'''
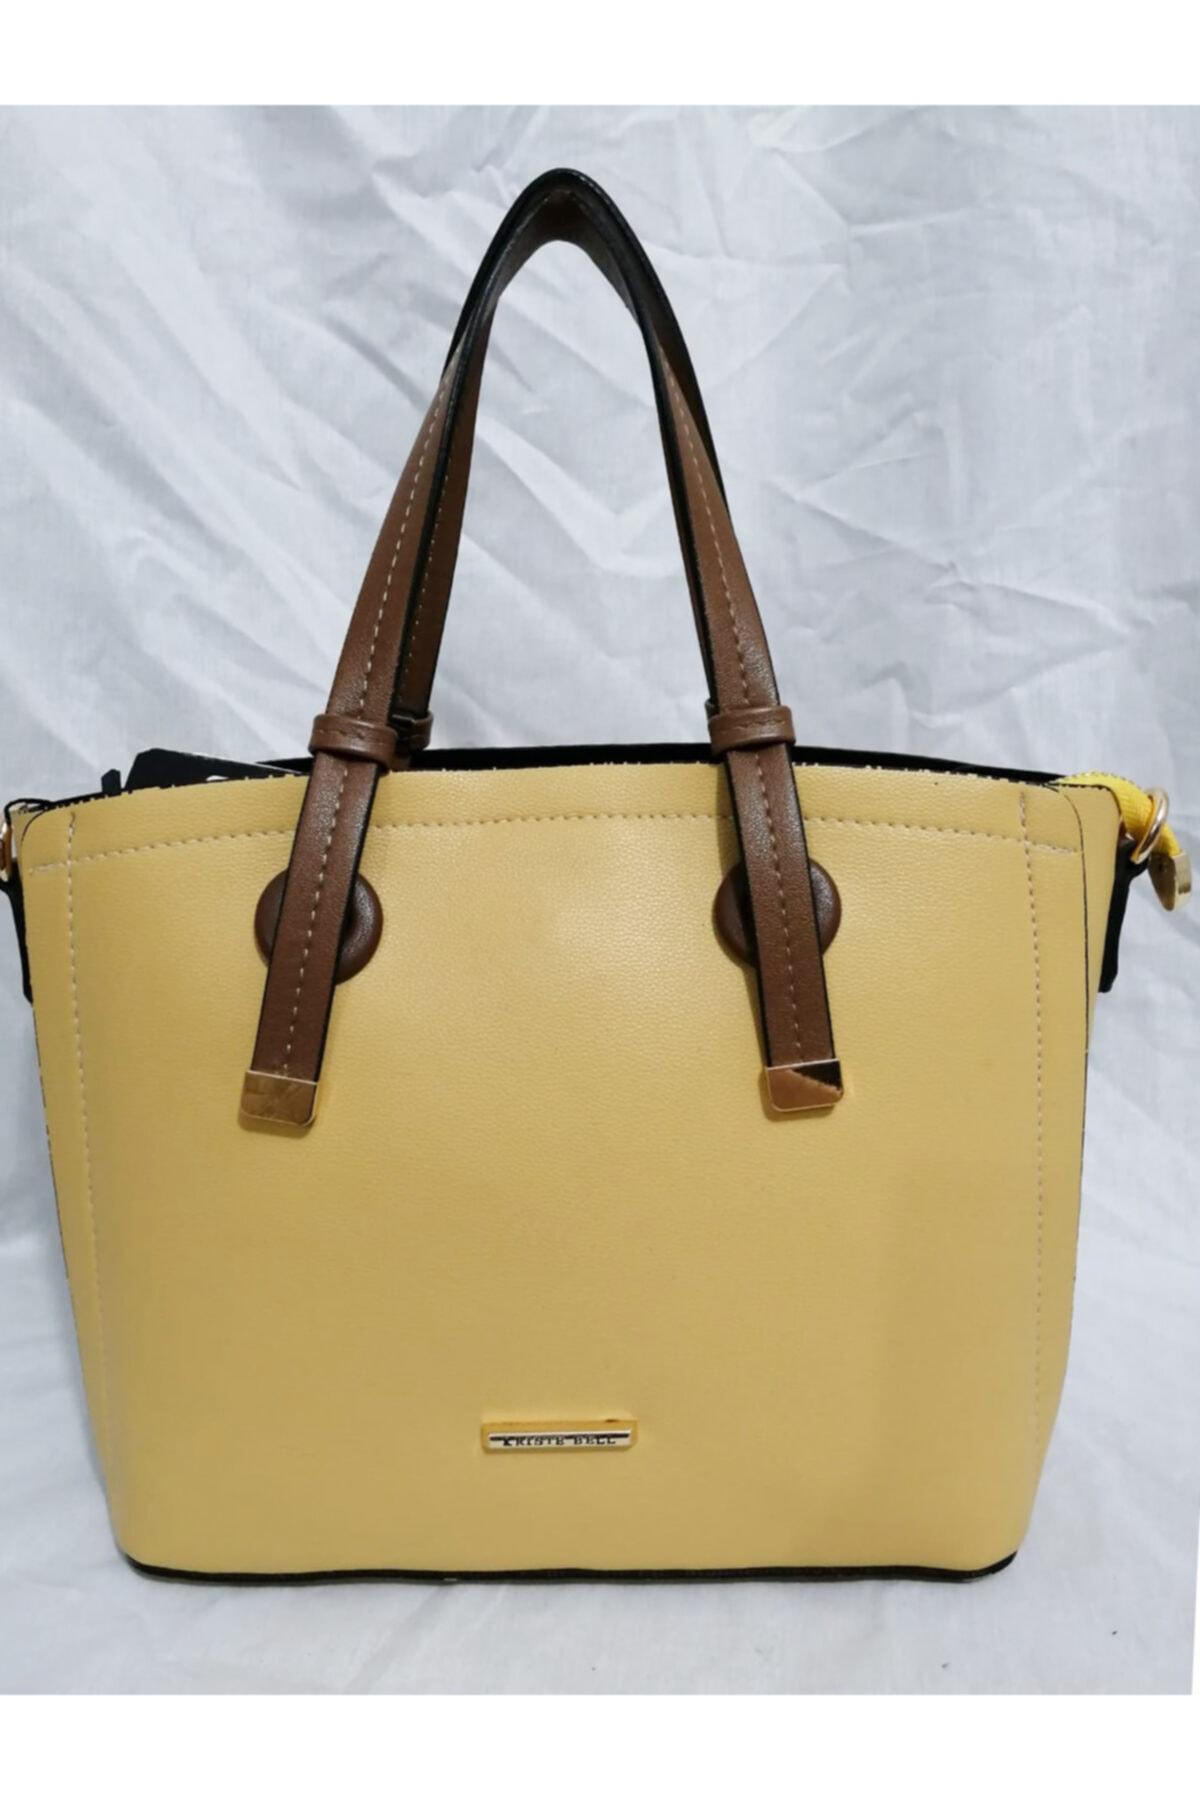 KRISTE BELL Kadın Sarı Klasik Model Kalıplı Orta Boy Kol El Çantası 1
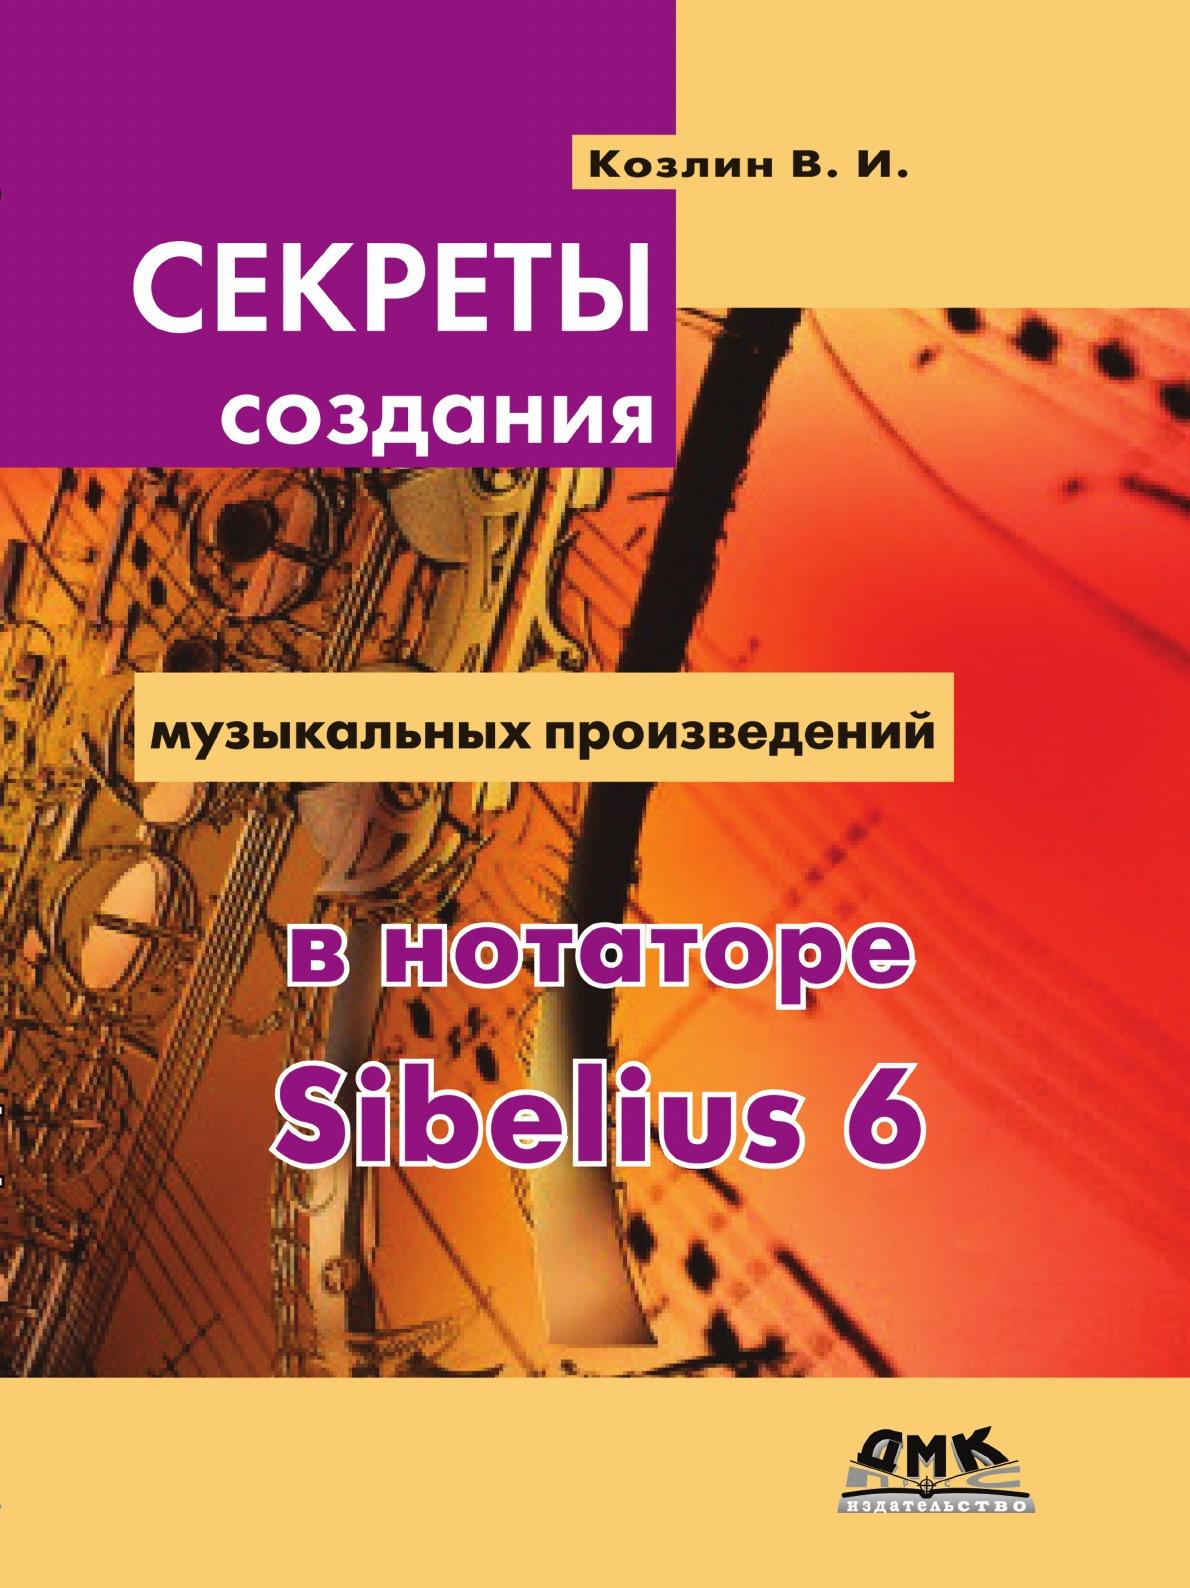 В.И. Козлин Секреты создания музыкальных произведений в нотаторе Sibelius 6. Школа игры на компьютере в нотаторе Sibelius 6
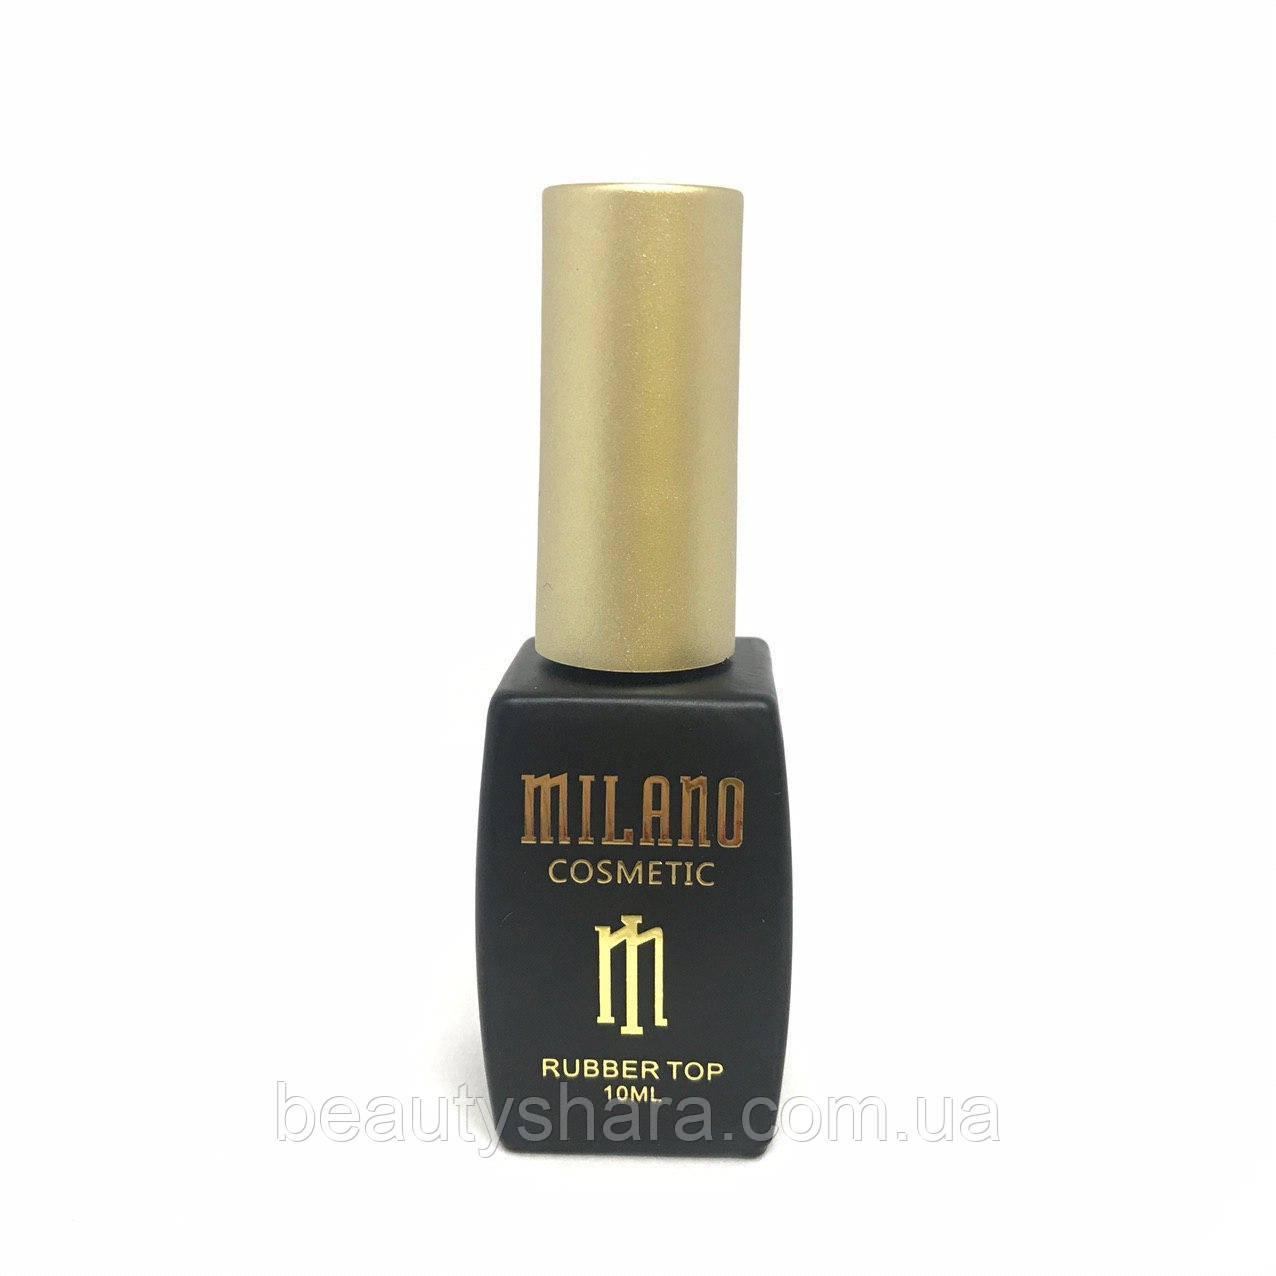 Топ Milano Rubber Top Coat 10 мл - верхнее покрытие для гель-лака
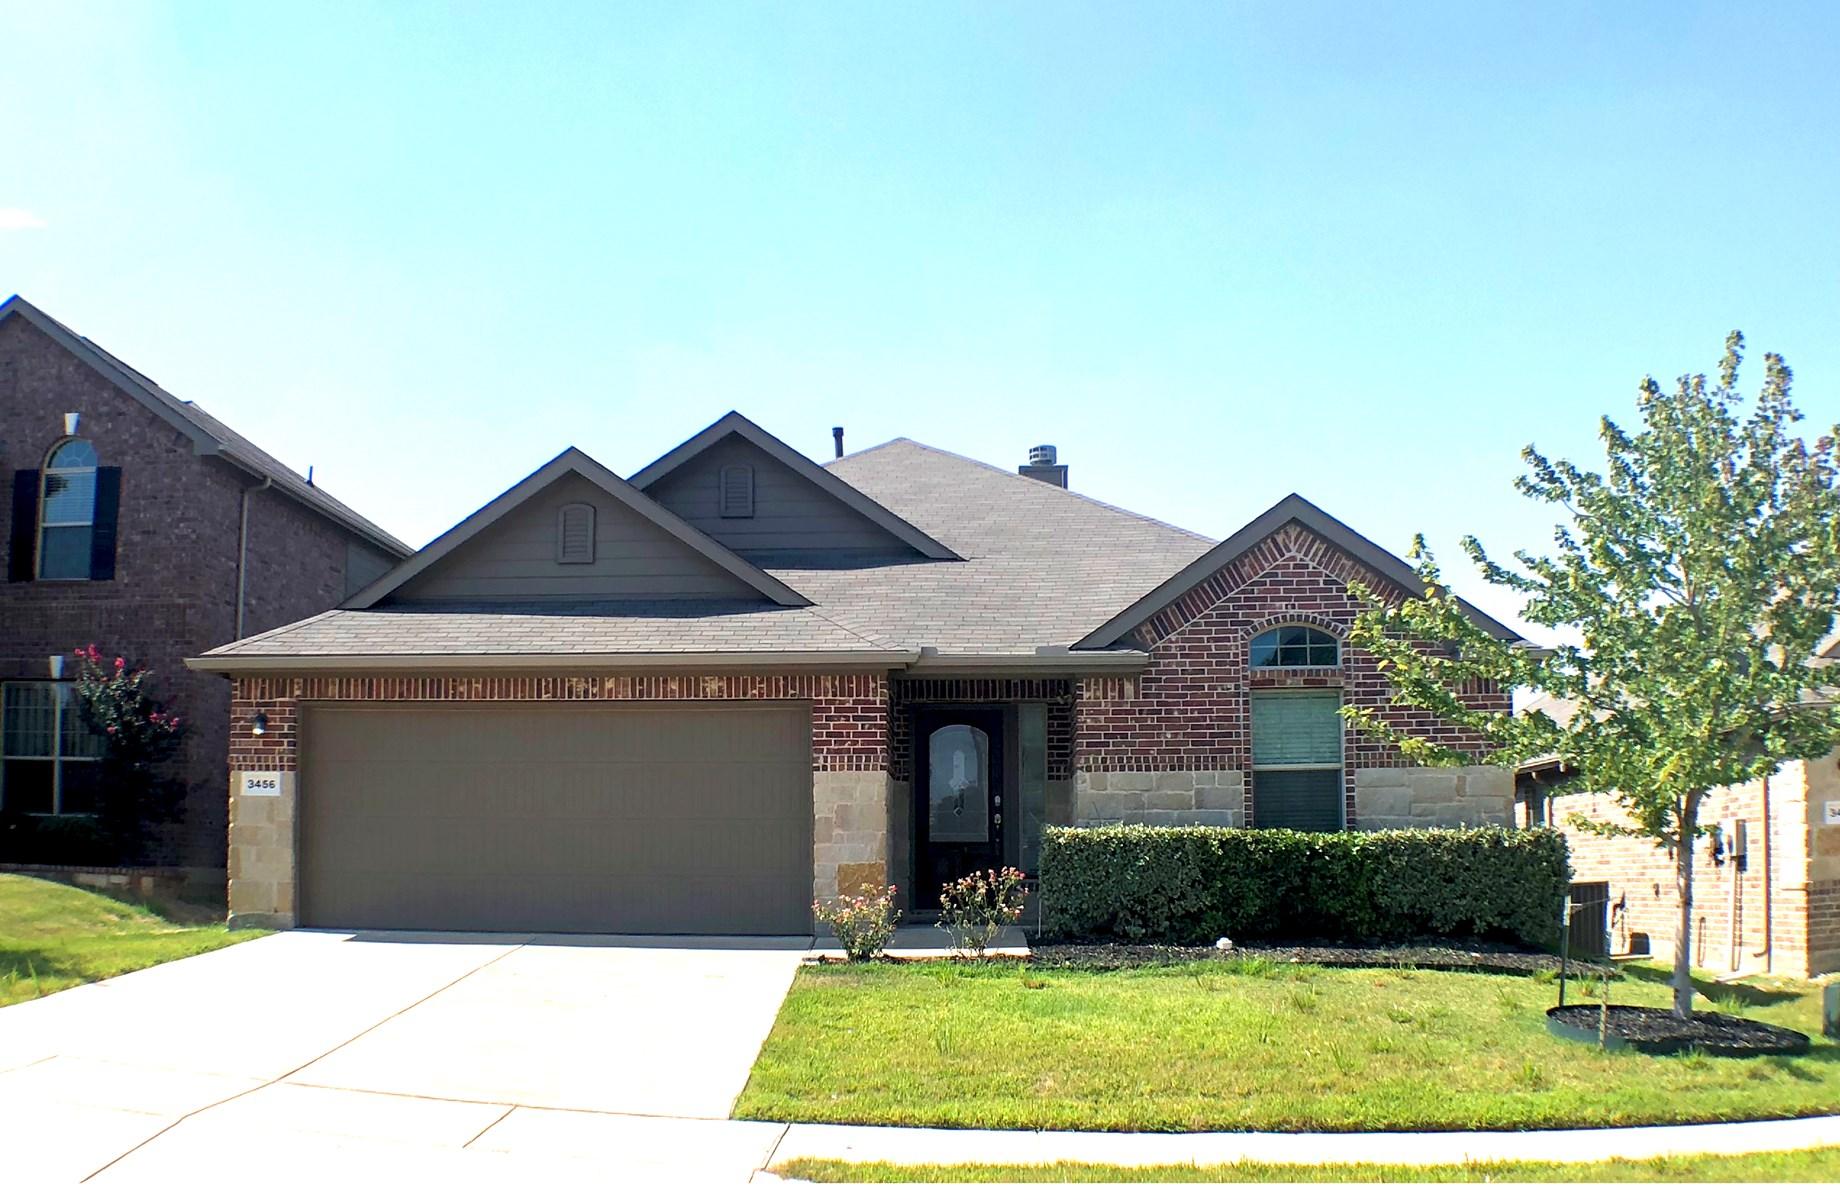 Home for Sale in Keller ISD!
'''
Work required - Reproduce the listing exactly. The pictures are to be omitted.

Result for this task -
 KRISTE BELL Kadın Sarı Klasik Model Kalıplı Orta Boy Kol El Çantası 1
 В.И. Козлин Секреты создания музыкальных произведений в нотаторе Sibelius 6. Школа игры на компьютере в нотаторе Sibelius 6
 Топ Milano Rubber Top Coat 10 мл - верхнее покрытие для гель-лака
 Home for Sale in Keller ISD!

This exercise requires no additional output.